Weeks

Muscles

Last week, we saw how a valid action has 19 numbers, each between 0 and 1. The 19 numbers represented the amount of force to put to each muscle. I know barely anything about muscles, so I decided to manually go through all the muscles to gain some intuition about the effects of each muscle.

Index 0

Index 1

Index 2

Index 3

Index 4

Index 5

Index 6

Index 7

Index 8

Index 9

Index 10

Index 11

Index 12

Index 13

Index 14

Index 15

Index 16

Index 17

Index 18

Hip Thrust

Let’s test our intuition by trying to create a “hip-thrust” action. The indices 2, 4, 10, 12 look promising, so let’s try fully activating these muscles, leaving all other muscles unactivated.

Awesome! We now have some basic intuition on how each muscle affects the biomechanical model.

osim-rl-helper

KerasDDPGAgent

A brand new agent called KerasDDPGAgent was added to the osim-rl-helper repository. This agent uses Deep Deterministic Policy Gradient (DDPG) method by Lillicrap et al. (2015). You need to install keras and keras-rl packages to run this agent.

conda install keras
pip install keras-rl

The syntax for testing and submitting KerasDDPGAgent is identical to previous agents, using run.py.

./run.py KerasDDPGAgent
./run.py KerasDDPGAgent --submit

To run or submit, you need a pretrained model saved in KerasDDPGAgent_actor.h5f and KerasDDPGAgent_critic.h5f. These files are generated and updated when you train the KerasDDPGAgent.

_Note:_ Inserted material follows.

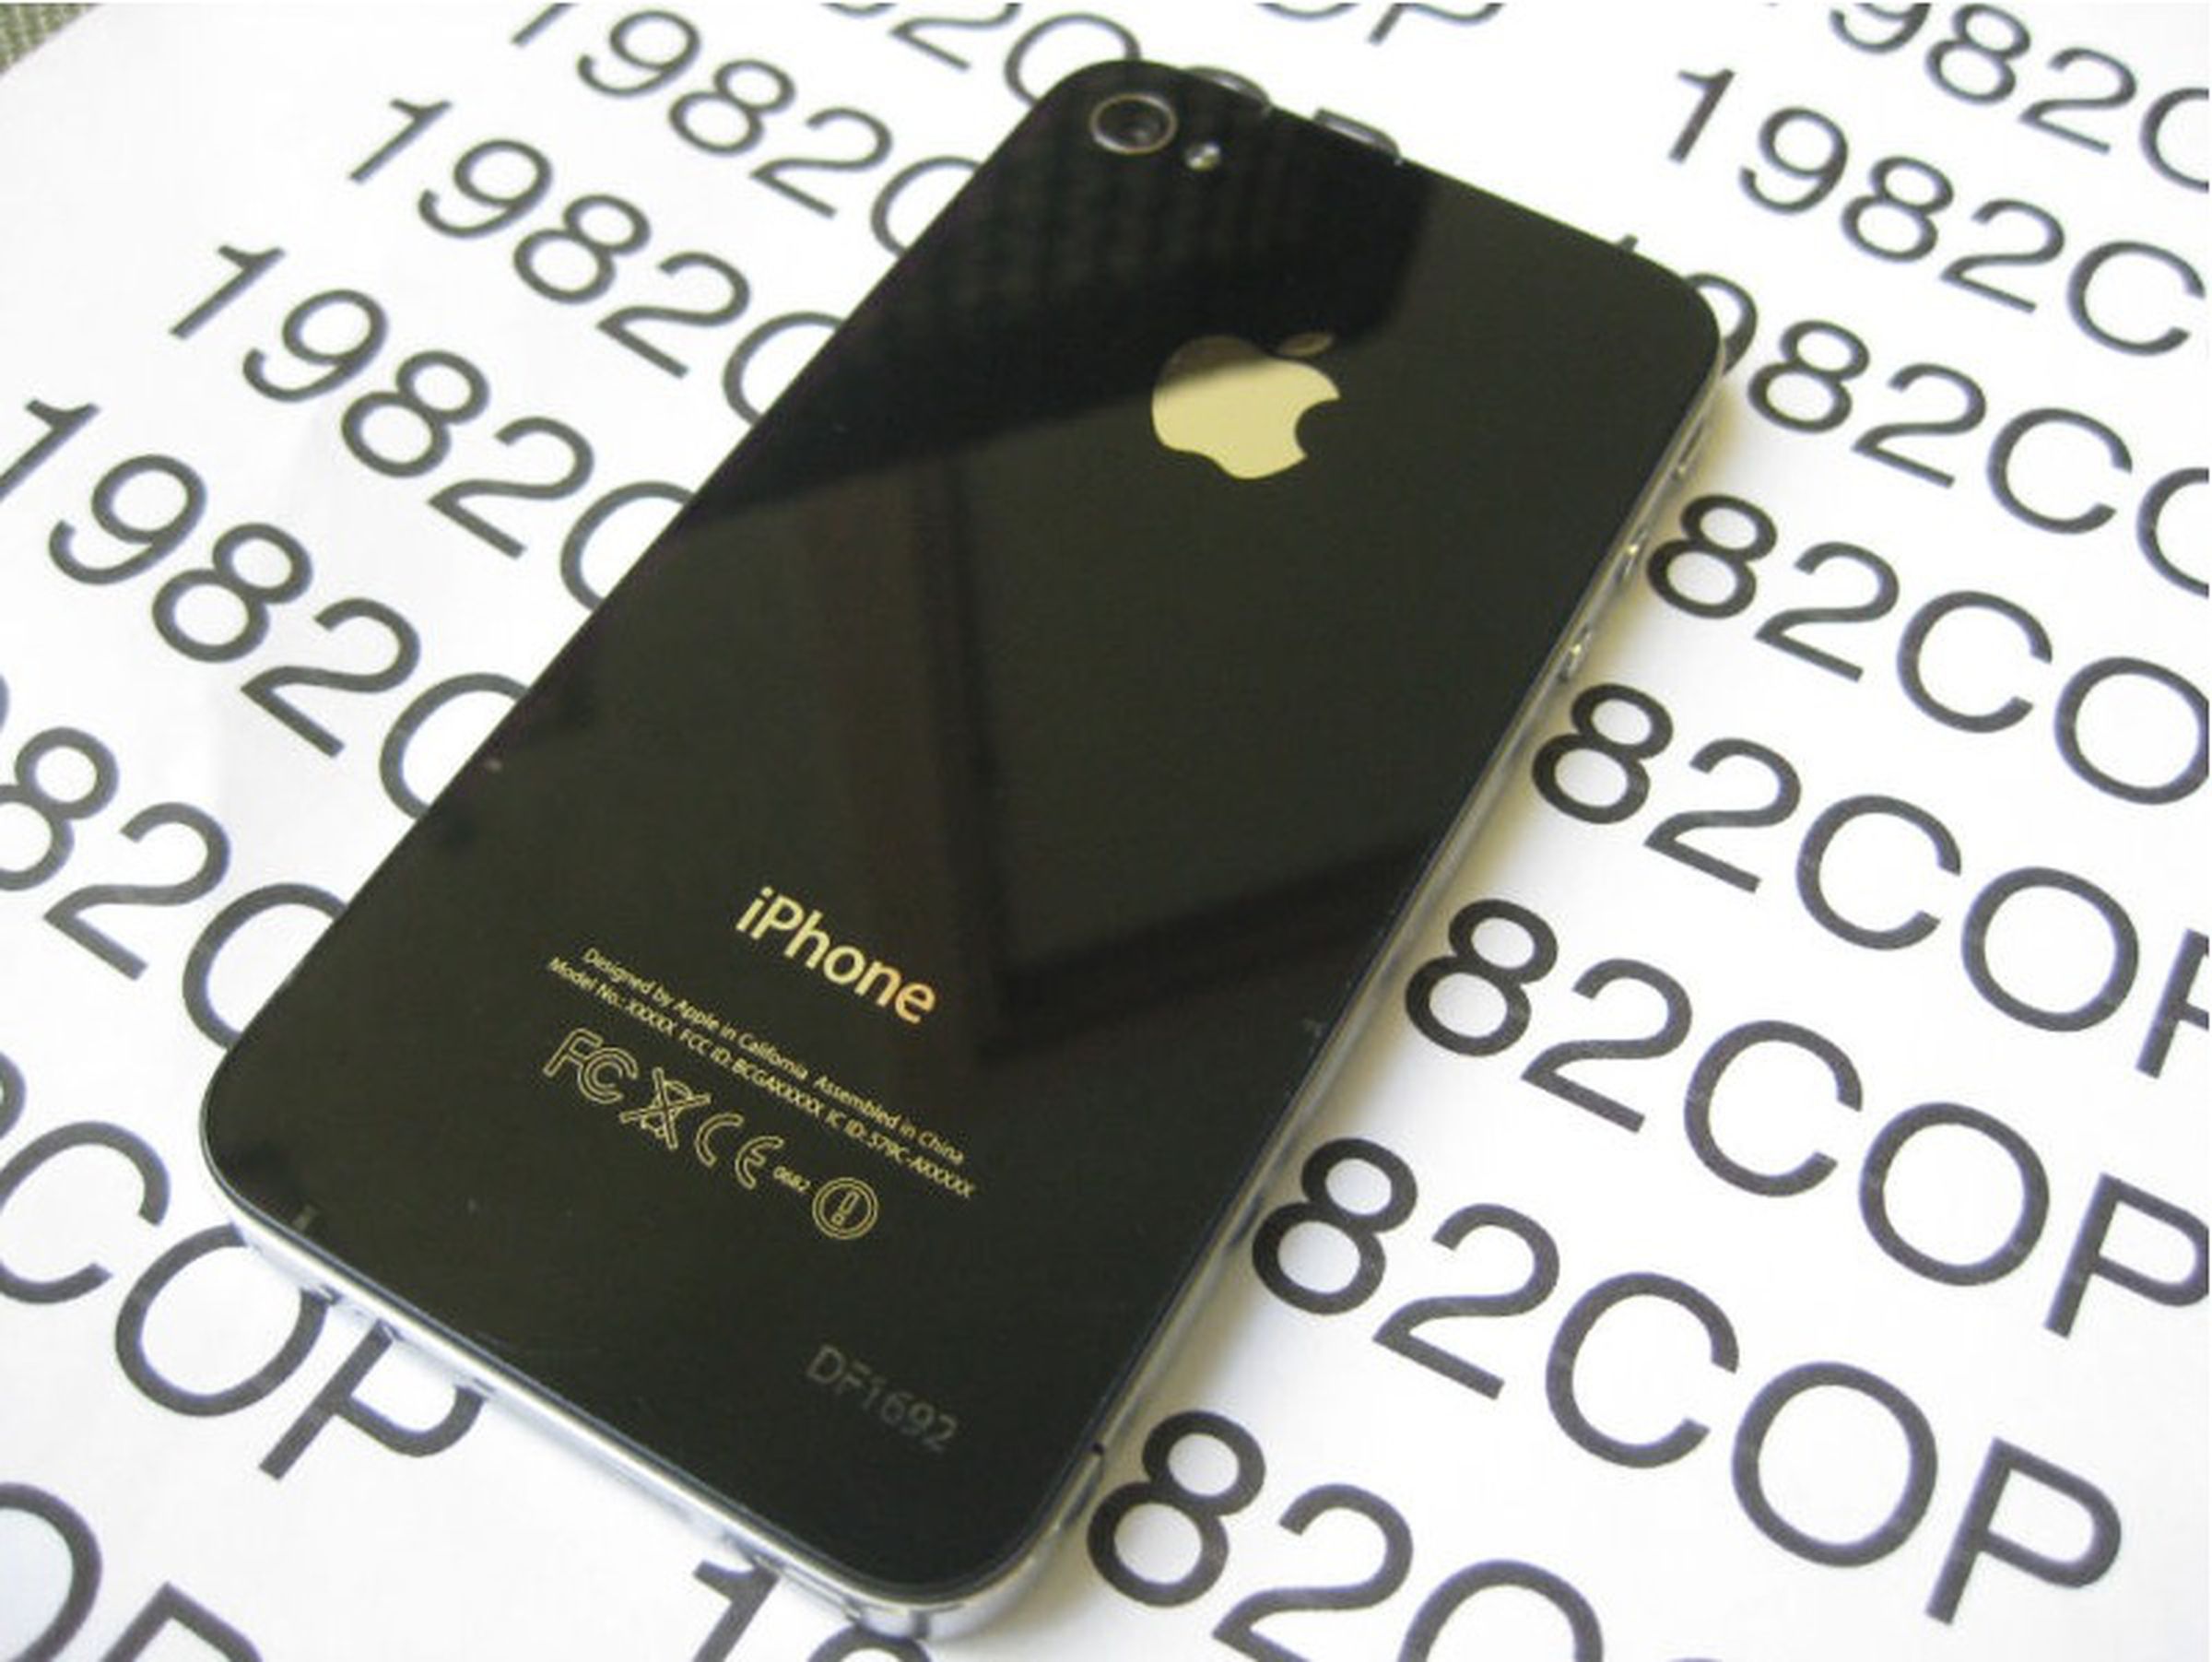 iPhone 4 prototype appears on eBay 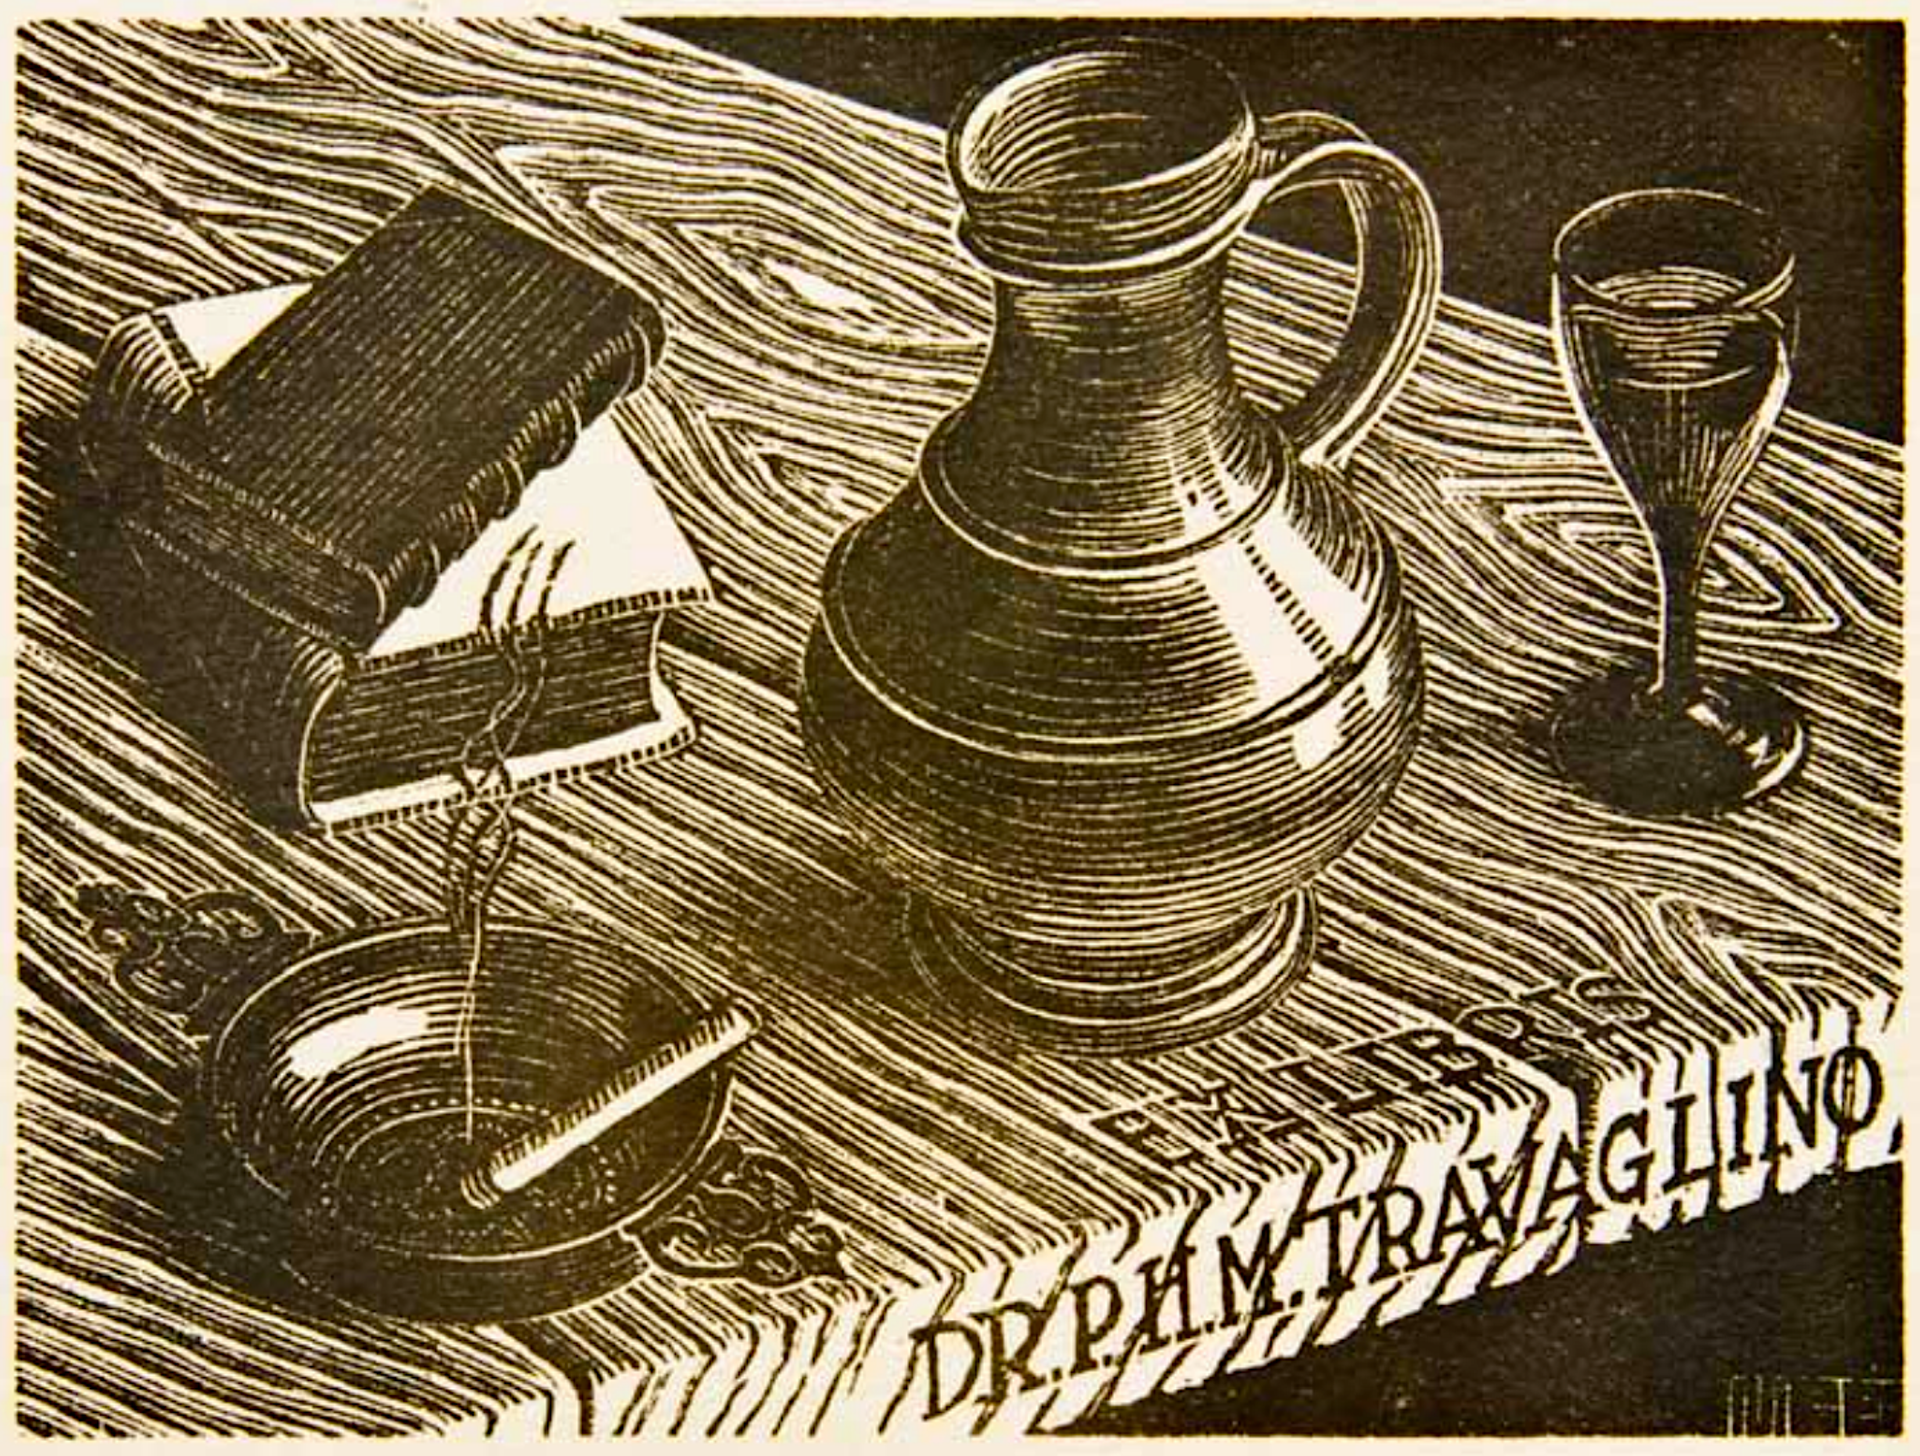 Table Still Life, Dr. Travaglino Ex-Libris by M.C. Escher

To train KerasDDPGAgent, you need to specify the number of steps to train the agent with the -t/--train flag. For example, the command below trains the agent for 1000 time steps.

./run.py KerasDDPGAgent --train 1000

The KerasDDPGAgent inherits the KerasAgent template, which defines train(), test(), submit() functions.

You can check the source code of KerasDDPGAgent in /helper/baselines/keras/KerasDDPGAgent.py. You can check the source code of KerasAgent in /helper/templates/ directory.

Client Wrappers

The keras-rl package requires an env parameter. However, during submission, the agent needs to interact with the client. Thus, I created a wrapper that transforms the client into the format of a local environment. The ClientToEnv wrapper simply wraps a client instance into an env.

class ClientToEnv:
    def __init__(self, client):
        """
        Reformats client environment to a local environment format.
        """
        self.reset = client.env_reset
        self.step  = client.env_step

The client returns observations in dictionary format, so the DictToList wrapper transforms the dict-type observation to list-type using the code from ProstheticsEnv.get_observation().

class DictToList:
    def __init__(self, env):
        """
        Formats Dictionary-type observation to List-type observation.
        """
        self.env = env

    def reset(self):
        state_desc = self.env.reset()
        return self._get_observation(state_desc)

    def step(self, action):
        state_desc, reward, done, info = self.env.step(action)
        return [self._get_observation(state_desc), reward, done, info]

    # _get_observation() omitted

Finally, because the client does not accept NumPy types (since they cannot be converted to JSON), I created a JSONable wrapper that converts NumPy ndarrays to lists.

class JSONable:
	def __init__(self, env):
        """
        Converts NumPy ndarray type actions to list.
        """
        self.env = env
        self.reset = self.env.reset

    def step(self, action):
        if type(action) == np.ndarray:
            return self.env.step(action.tolist())
        else:
            return self.env.step(action)

You can check the source code of the wrappers in /helper/wrappers/ directory.

What’s Next?

Łukasz Kidziński (@kidzik), the osim-rl project initiator and lead, kindly created a page explaining the meaning behind each number in the observation dictionary. I plan to analyze the observation space and monitor the observations to see how they change throughout an episode.

With the current environment, it is very easy for the agent to get stuck in a local optima. The reward is determined by the location of the pelvis, and the easiest way to move the pelvis forward is by thrusting the hip. However, as shown above, such “hip-thrust” action makes the agent lose balance. A good way to combat this problem is to customize the rewards. Adam Stelmasczczyk, a participant of the Learning to Run competition, wrote a great article about their team’s “reward hacking” attempts. I will try to imitate their approach.